URL: http://arxiv.org/abs/2002.03523v1
Date: Mon, 10 Feb 2020 03:32:49 GMT
Title: Submodular Maximization Through Barrier Functions
Authors: Ashwinkumar Badanidiyuru and Amin Karbasi and Ehsan Kazemi and Jan Vondrak
Abstract summary: We introduce a novel technique for constrained submodular, inspired by barrier functions in continuous optimization. We extensively evaluate our proposed algorithm over several real-world applications.
Score: 32.41824379833395
License: http://arxiv.org/licenses/nonexclusive-distrib/1.0/
Abstract: In this paper, we introduce a novel technique for constrained submodular maximization, inspired by barrier functions in continuous optimization. This connection not only improves the running time for constrained submodular maximization but also provides the state of the art guarantee. More precisely, for maximizing a monotone submodular function subject to the combination of a $k$-matchoid and $\ell$-knapsack constraint (for $\ell\leq k$), we propose a potential function that can be approximately minimized.
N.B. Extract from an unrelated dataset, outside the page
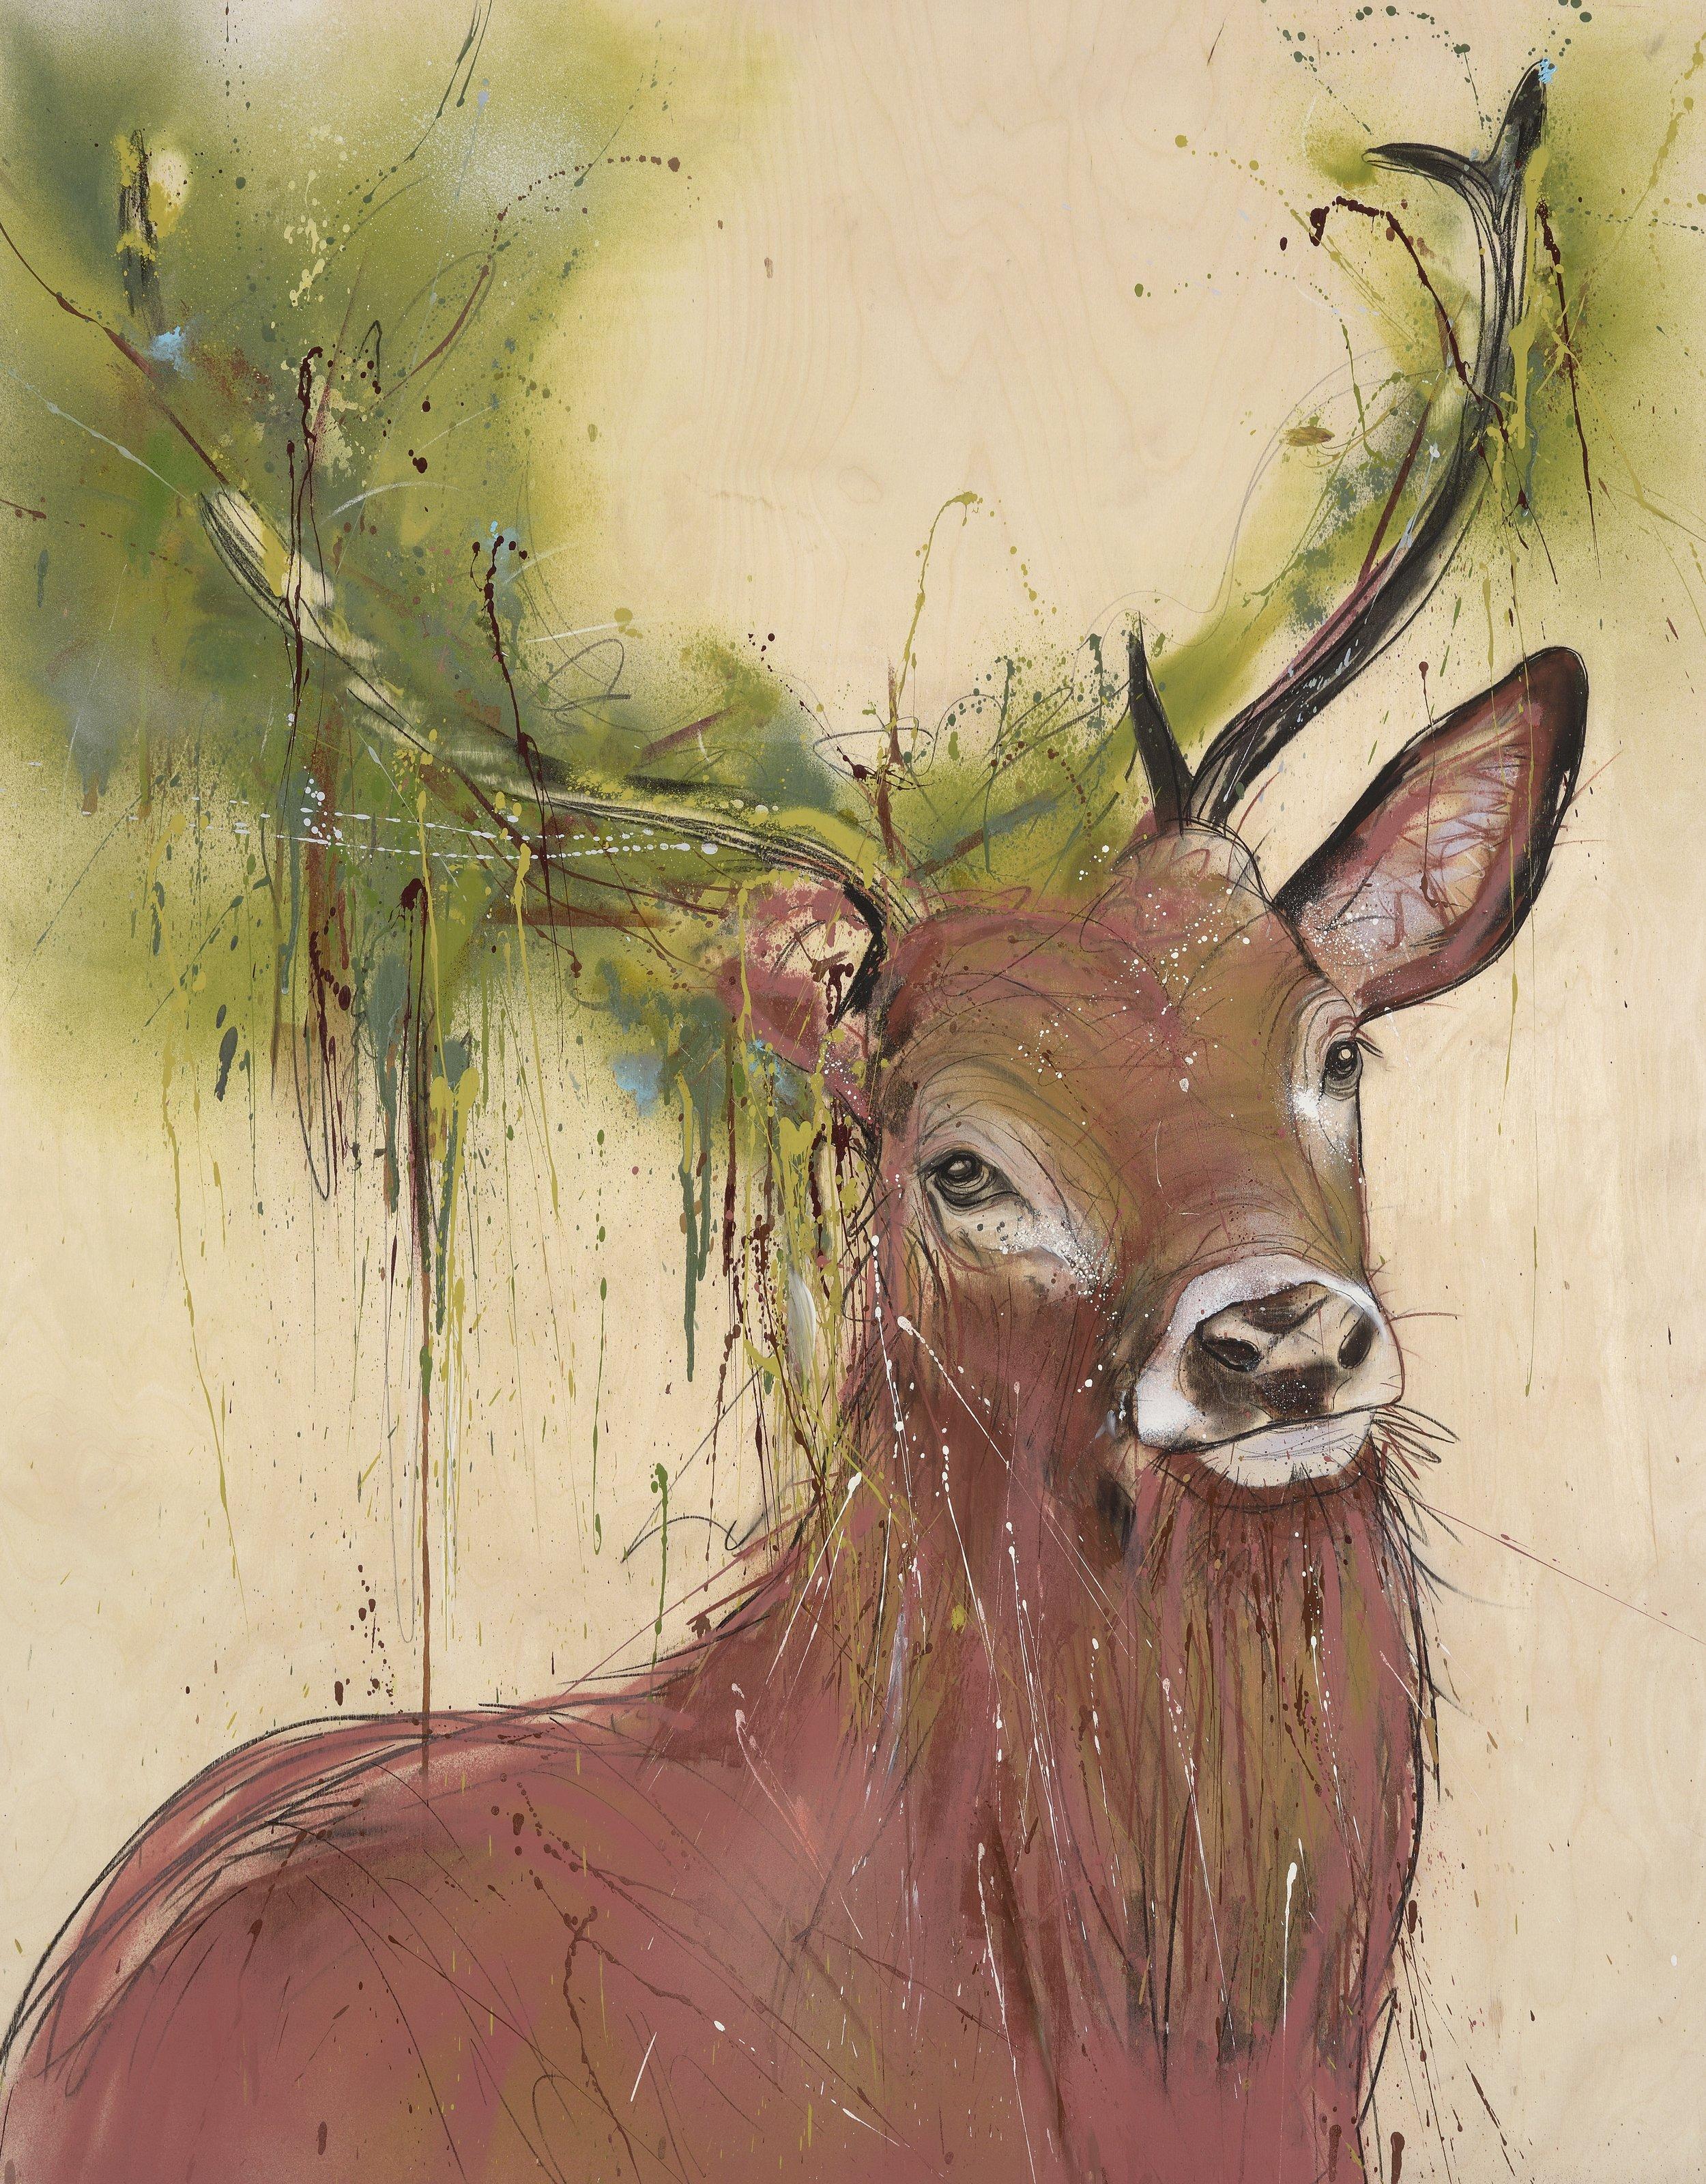 King Henry's Stag I , Original spray paint & conté on birch ply, 120 x 95cm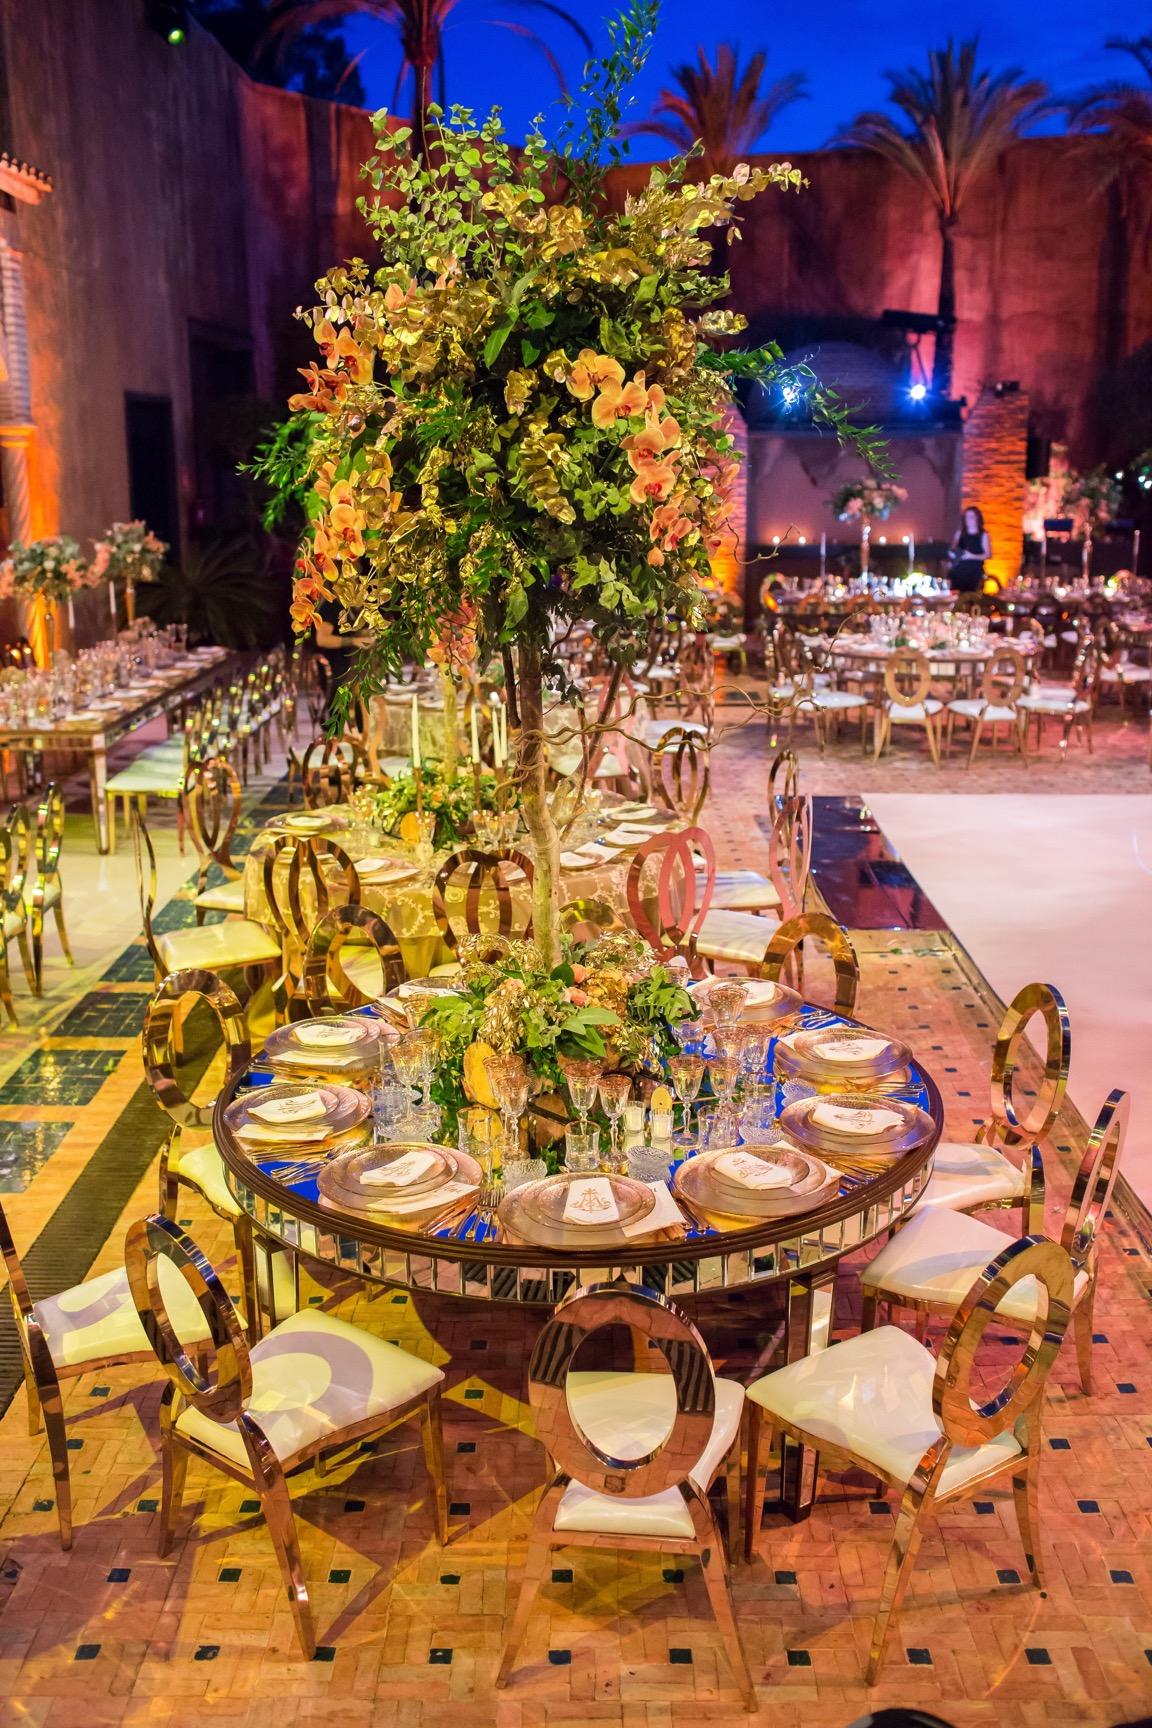 Si-Quiero-Wedding-Planner-By-Sira-Antequera-Bodas-Málaga-Marbella-Miami- L-A-35

Once we minimize the potential function up to an $\epsilon$ error it is guaranteed that we have found a feasible set with a $2(k+1+\epsilon)$-approximation factor which can indeed be further improved to $(k+1+\epsilon)$ by an enumeration technique. We extensively evaluate the performance of our proposed algorithm over several real-world applications, including a movie recommendation system, summarization tasks for YouTube videos, Twitter feeds and Yelp business locations, and a set cover problem.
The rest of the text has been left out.